I felt like I was on a field trip through poverty, riding a zoo tram through cautionary exhibits. And over on your left, through that chain-link fence, you can see the Perpetual Misfortune Display. I was doing my job, capturing the visuals of Leroy’s backstory, just as I had done for so many of my other subjects before. Yet Laird felt disturbingly different, becau
se this time I had a squad car in front of me, and eyes in the back of my head.
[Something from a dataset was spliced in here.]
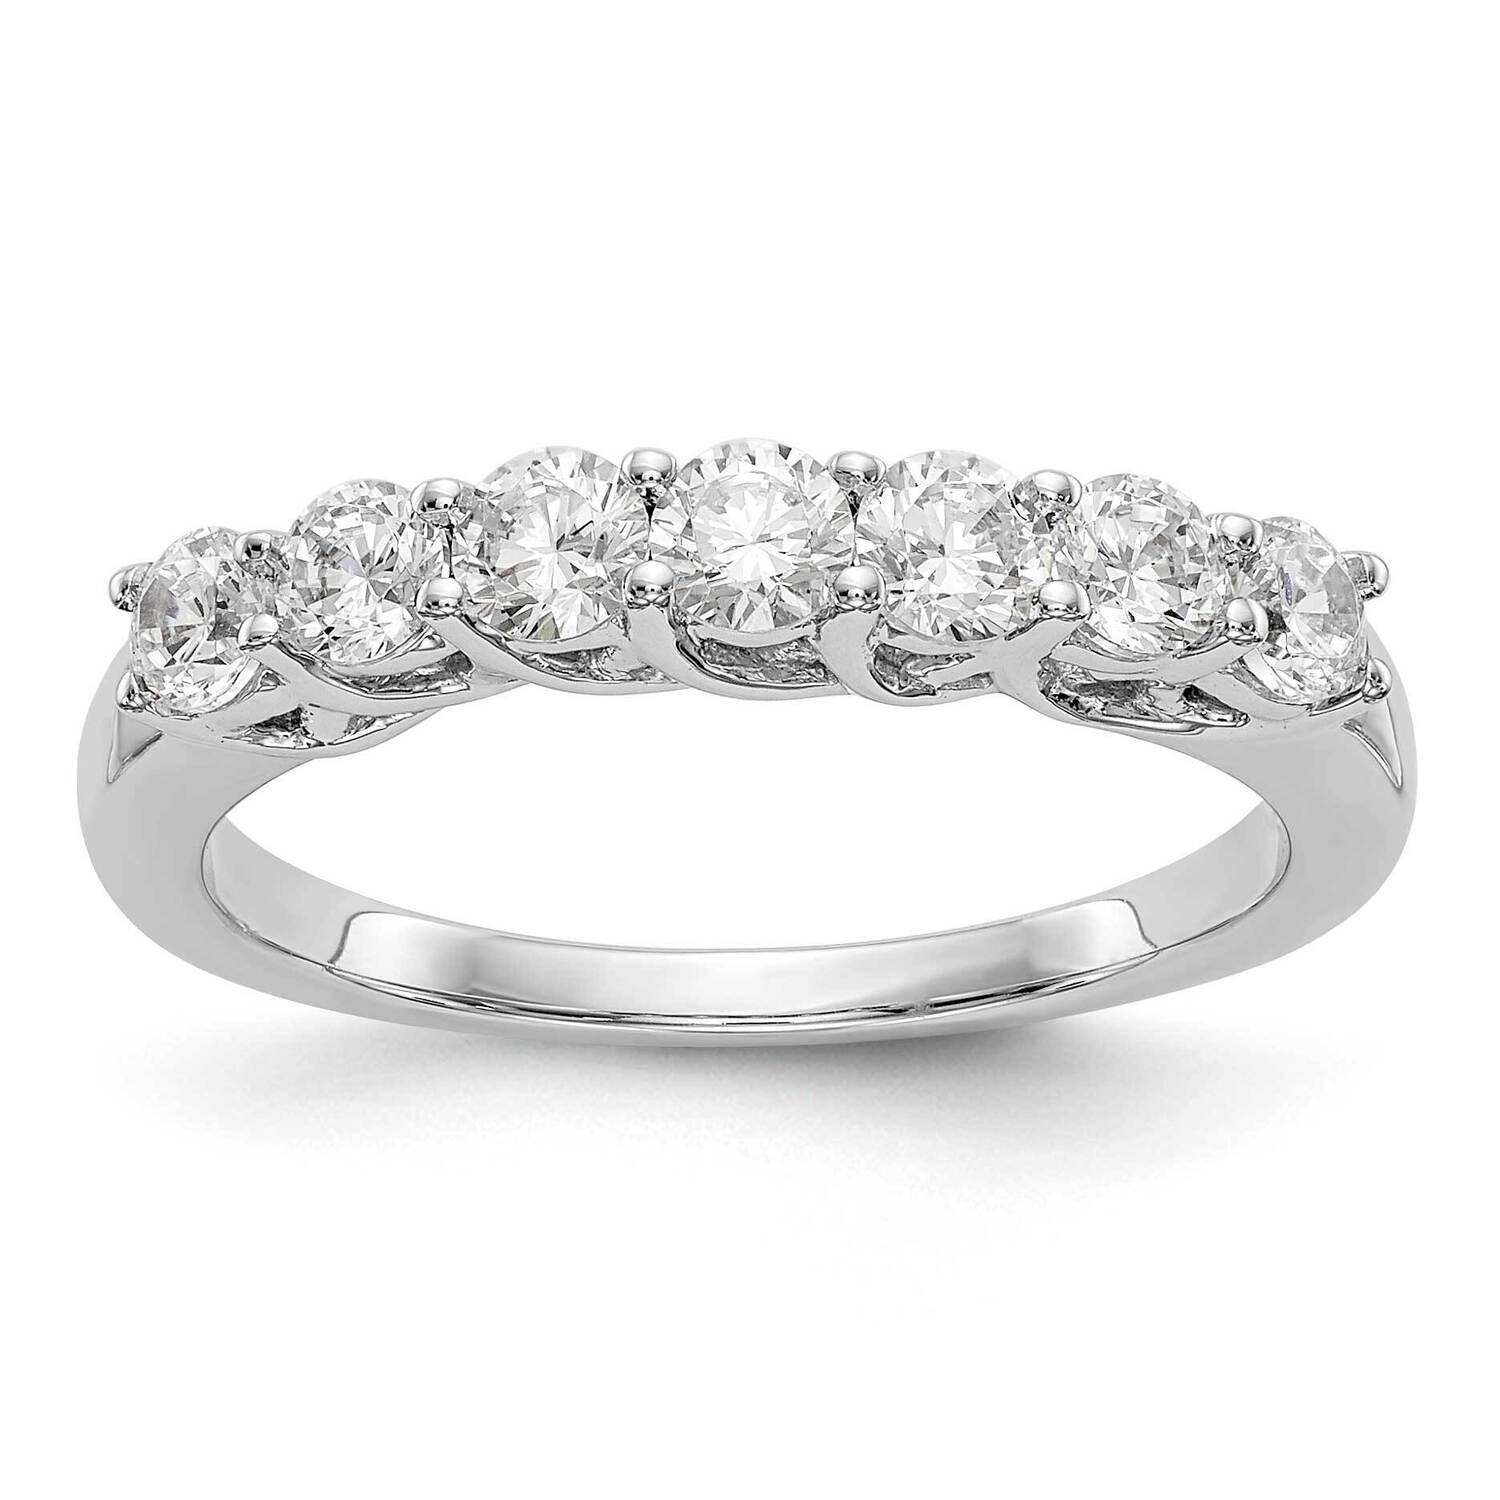 7-Stone Shared Prong Holds 3-3.2 4-3.0mm Round Diamond Band Ring Mounting 14k White Gold RM3526B-083-WAA

If the officer was trying to protect me from drawing attention to myself, this clearly was not the way to go about it. Several residents scrambled into their homes as our van approached, “probably fearing that we were filming an episode of Cops,” our officer joked. I imagined them stashing drugs under mattresses. I imagined them pulling pistols out of bureaus. I began to pulse with the type of us-versus-them fear that I thought I didn’t possess. I caught myself thinking the worst of them, which in turn exposed the worst of me.
We ensured that black trash bags and overgrown bushes were framed in backgrounds. We got the rusted basketball rim bending forward with a ripped net. We got the beater Chevy Impala cruising toward us with six layers of Saran Wrap duct-taped over the broken passenger window. In one trip down the street, we successfully and efficiently checked all of the boxes on our poverty scavenger hunt, equipped to show how Leroy lived as an eleven-year-old boy. Finally, we neared the corner white duplex at the far end of Laird where Leroy’s life had ended and begun anew. An older man, leathery and worn, sat on the front steps. I did not get close enough to talk to him, yet I felt that what we collected on the tapes would have spoken volumes to him, and to all of his neighbors: I don’t know you, but I’ve gathered all of the necessary evidence to demonstrate that your world is sad and shameful.
But how far off was I? “We call this Laird Land because once people are born onto Laird, they’re like citizens of it,” the officer volunteered. “They never leave. They just move down the street, house to house, following the drugs.” Had there been no accident, would Leroy have become the sullen figure now sitting on what was once his porch? Had the train maimed him or saved him? The policeman didn’t let me wonder for long.
“Your guy must have been real lucky to get out of here,” he said, folding his arms across his chest. “Real lucky.”
BY MIDSPRING OF 2009, Navid and I were “paper pregnant,” which is the phrase couples use when enmeshed in the adoptive process. We filled out a forest’s worth of forms. We recruited friends to write letters of reference. We provided three years of financial records. We passed physical exams, criminal background checks, and life-saving courses. We created photo books marketing our life to prospective birth mothers. Frankly, this type of gestation suited my compulsive love of lists and tasks more judiciously than a physical pregnancy.